The recording industry greatly affected the development of blues and jazz, and our historical knowledge of those styles is linked to the history of sound recording. DC has been involved since the beginning. Alexander Graham Bell and Emile Berliner, developers of the phonograph and the phonograph record in the 1880s, created their inventions here in Washington. The first record company to produce the phonograph disc, Columbia Records, was also based in DC and quickly established its strong catalog of “race records,” the name given to recordings of African American artists.

Ahmet Ertegun, founder of Atlantic Records, did his part to challenge segregation by hosting mixed-race concerts in the 1930s at the Turkish Embassy, where his father was Turkey’s Ambassador to the United States. A fan of the U Street music scene as a teenager, Ertegun went on to discover and record many notable blues, jazz, and R&B musicians such as Aretha Franklin, Ray Charles, Big Joe Turner, and DC’s Ruth Brown.

Acoustic Blues Revival of the ’50s and ’60s

The 1930s Depression and wartime years were not easy for musicians, many of whom had to turn away from music to make a living. Growing interest in folk traditions around the early ’60s sparked a “blues revival” and the rediscovery of some of the acoustic blues players.

Inspired by DC’s WAMU radio host Dick Spottswood who sought out and played old blues records, fans such as Takoma Park blues guitarist and label owner John Fahey went on the road to track down the forgotten legends. Skip James and Mississippi John Hurt were two of the country blues artists to be rediscovered.

They relocated to DC, rekindling their careers and establishing a thriving acoustic blues scene that featured musicians such as John Cephas, Flora Molton, Phil Wiggins, and Archie Edwards. The Archie Edwards Blues Heritage Foundation now continues to keep the region’s intricate, ragtime-influenced Piedmont Blues style alive through weekly jams, education programs, and exhibitions.

The Electric Sounds of the Anacostia Delta

The blues went electric after Muddy Waters plugged in his guitar in Chicago in the 1940s, and British groups such as the Rolling Stones adopted and re-imported the sound to the United States with great success in the early ’60s.

DC had its own electric blues guitar virtuosos to inspire the blues-rock movement that followed. Roy Buchanan rose to international fame as one of the most tasteful and innovative blues guitarists of the ’70s and ’80s. At the same time, Danny Gatton built a legendary reputation playing blues, jazz, country, and bluegrass in local clubs. Gatton described the unique DC musical sound and atmosphere—that he helped shape—as “the music of the Anacostia Delta,” a reference to the diversity of musical styles in DC and echoing the idea that the Mississippi Delta had been the original home of the blues.

DC Blues Today

The active local jazz scene and recently revitalized U Street area keeps DC’s musical traditions alive today. Visiting blues and jazz musicians continue to draw audiences to many longstanding area venues such as Blues Alley and the reopened Howard in DC and the Birchmere in Alexandria, as well as newer clubs like the Hamilton in DC and Bethesda Blues & Jazz in Maryland.

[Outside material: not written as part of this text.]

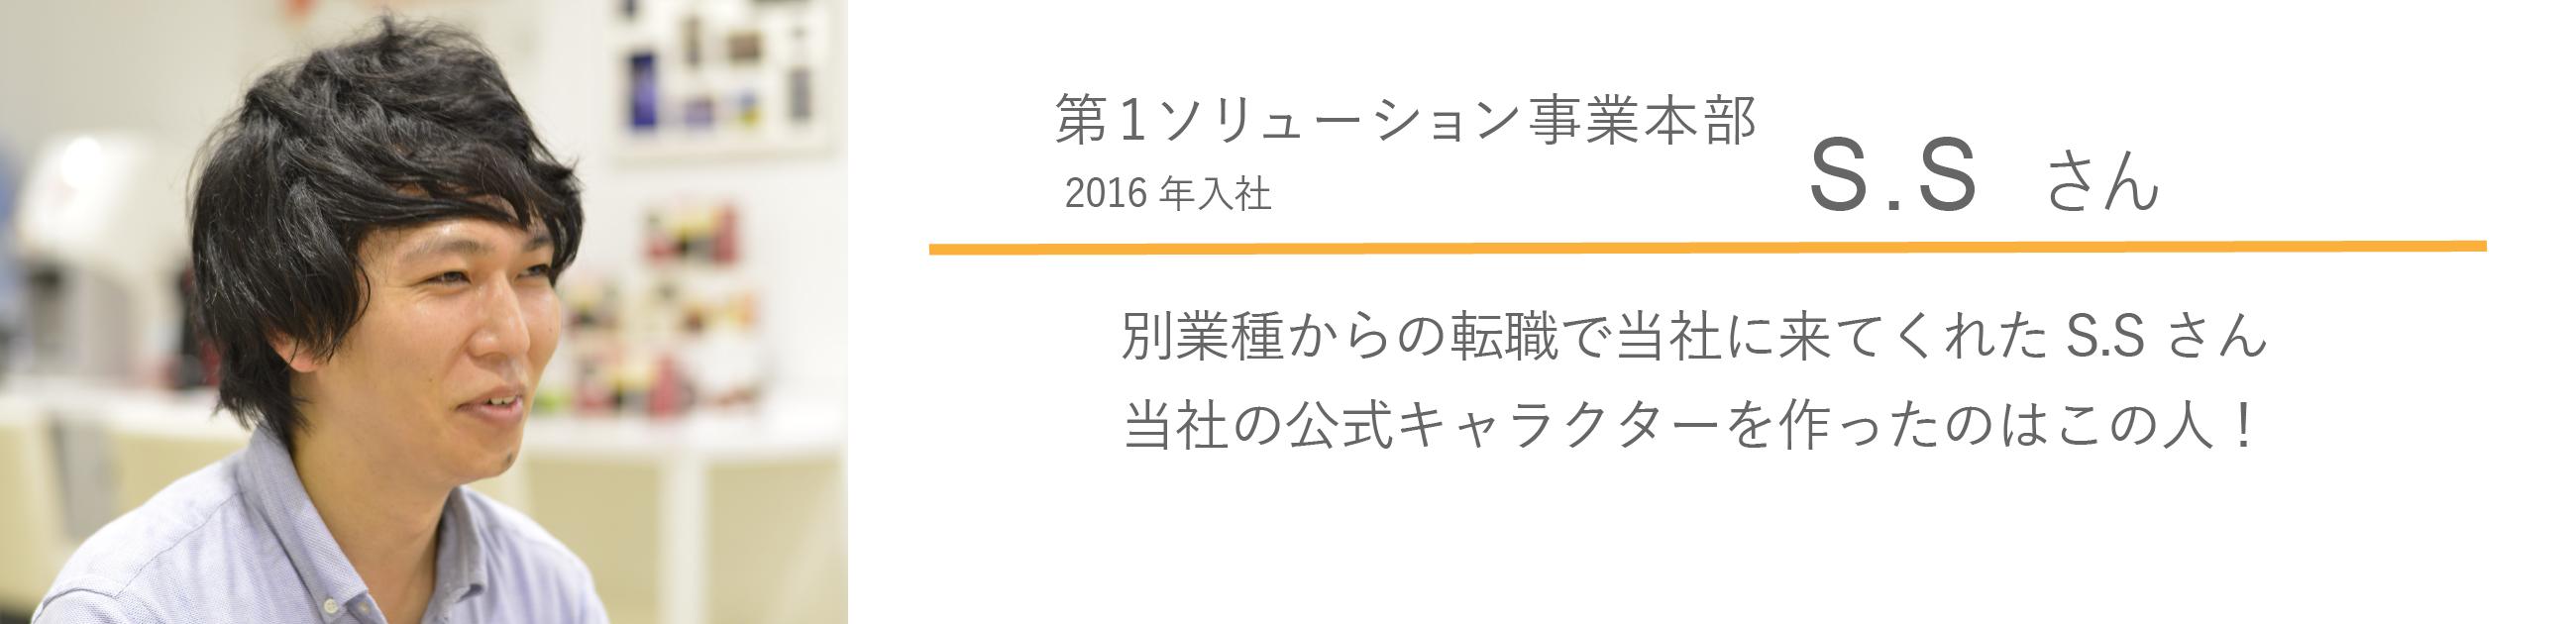 社員紹介4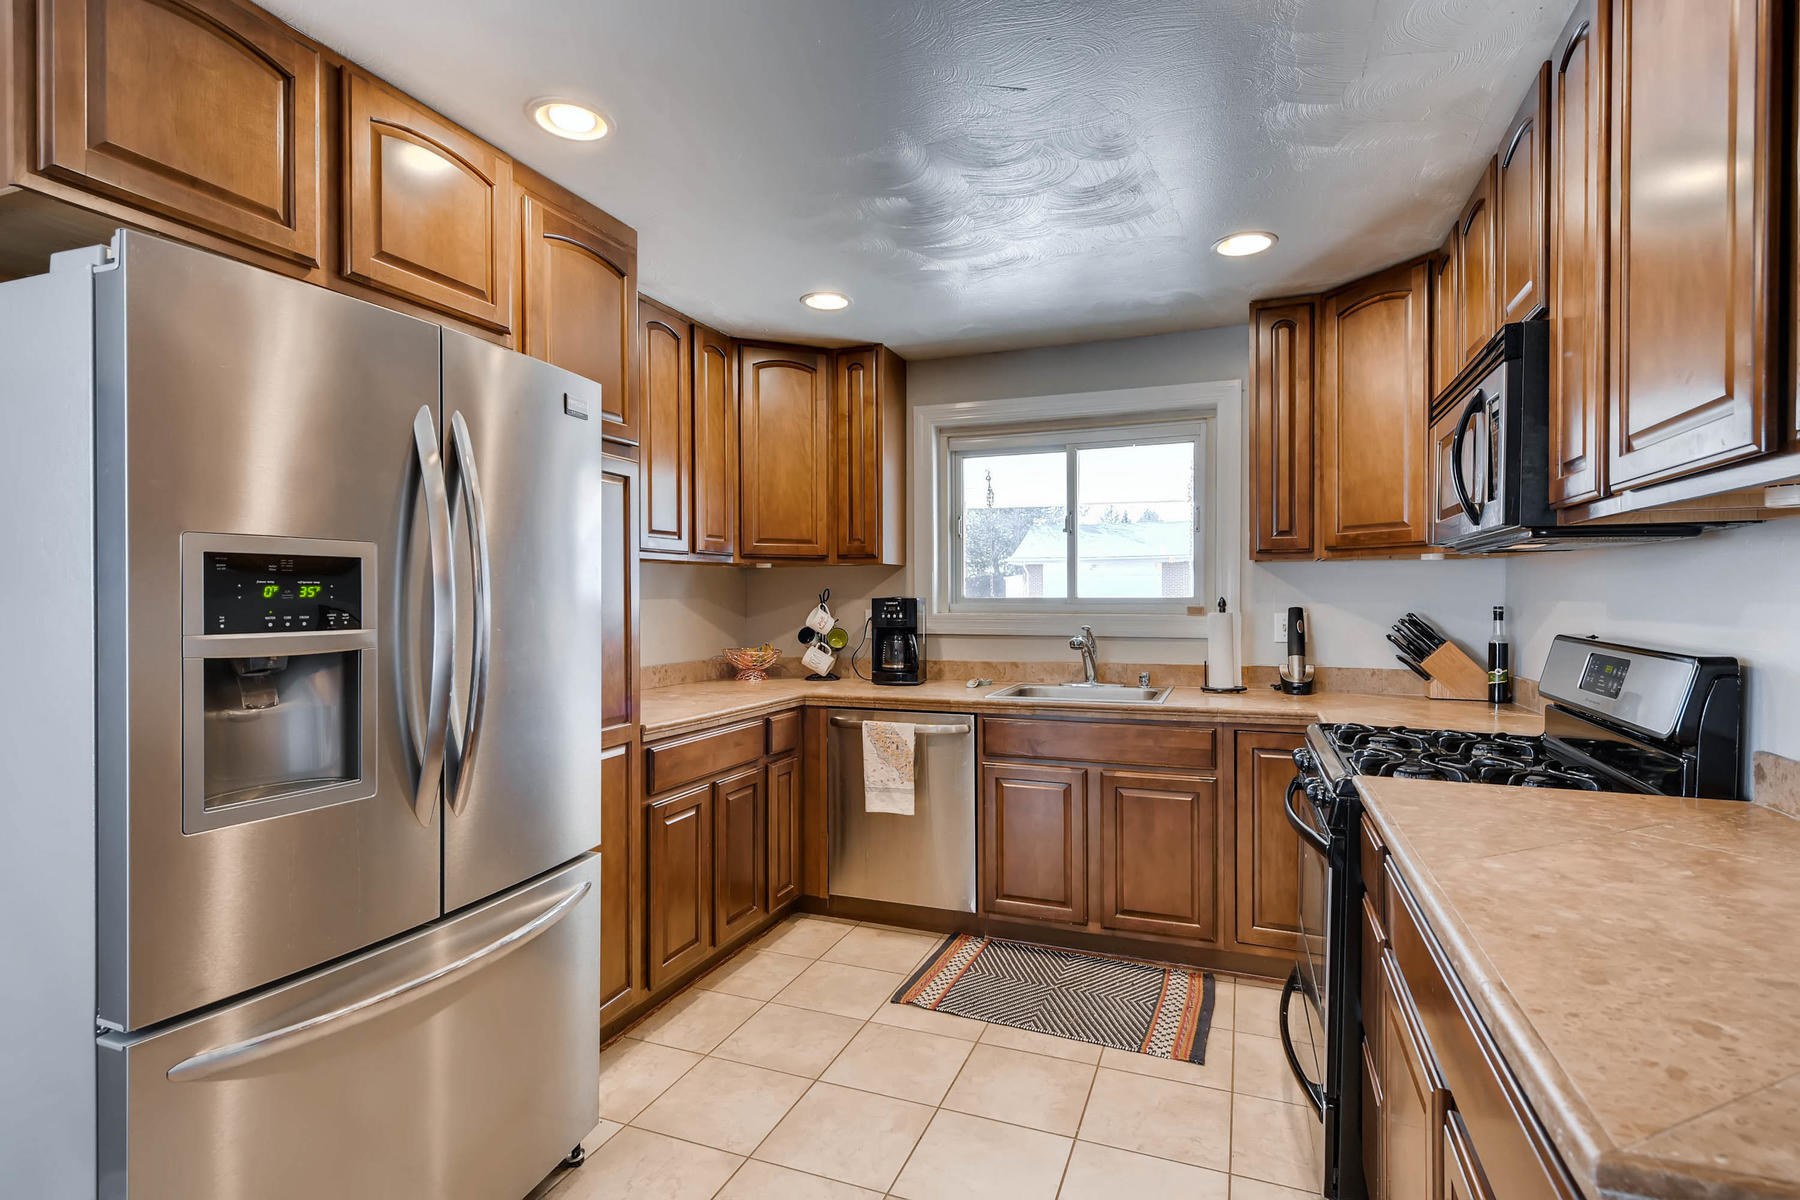 6676 S Kit Carson St-MLS_Size-007-21-Kitchen-1800x1200-72dpi.jpg

Annual festivals draw crowds throughout the area. Northern Virginia has the Tinner Hill Blues Festival, and the Columbia Pike Blues Festival has just celebrated its 20th year. DC has its revitalized Jazz Fest and Silver Spring has both a Jazz Festival and a Blues Festival.

Venues come and go and musical tastes change, yet DC remains and should be recognized as a thriving “music city” in its own right, keeping alive the blues and jazz legacy. In the words of the late DC blues singer and WPFW blues radio host Nap Turner, “Don’t forget the blues.”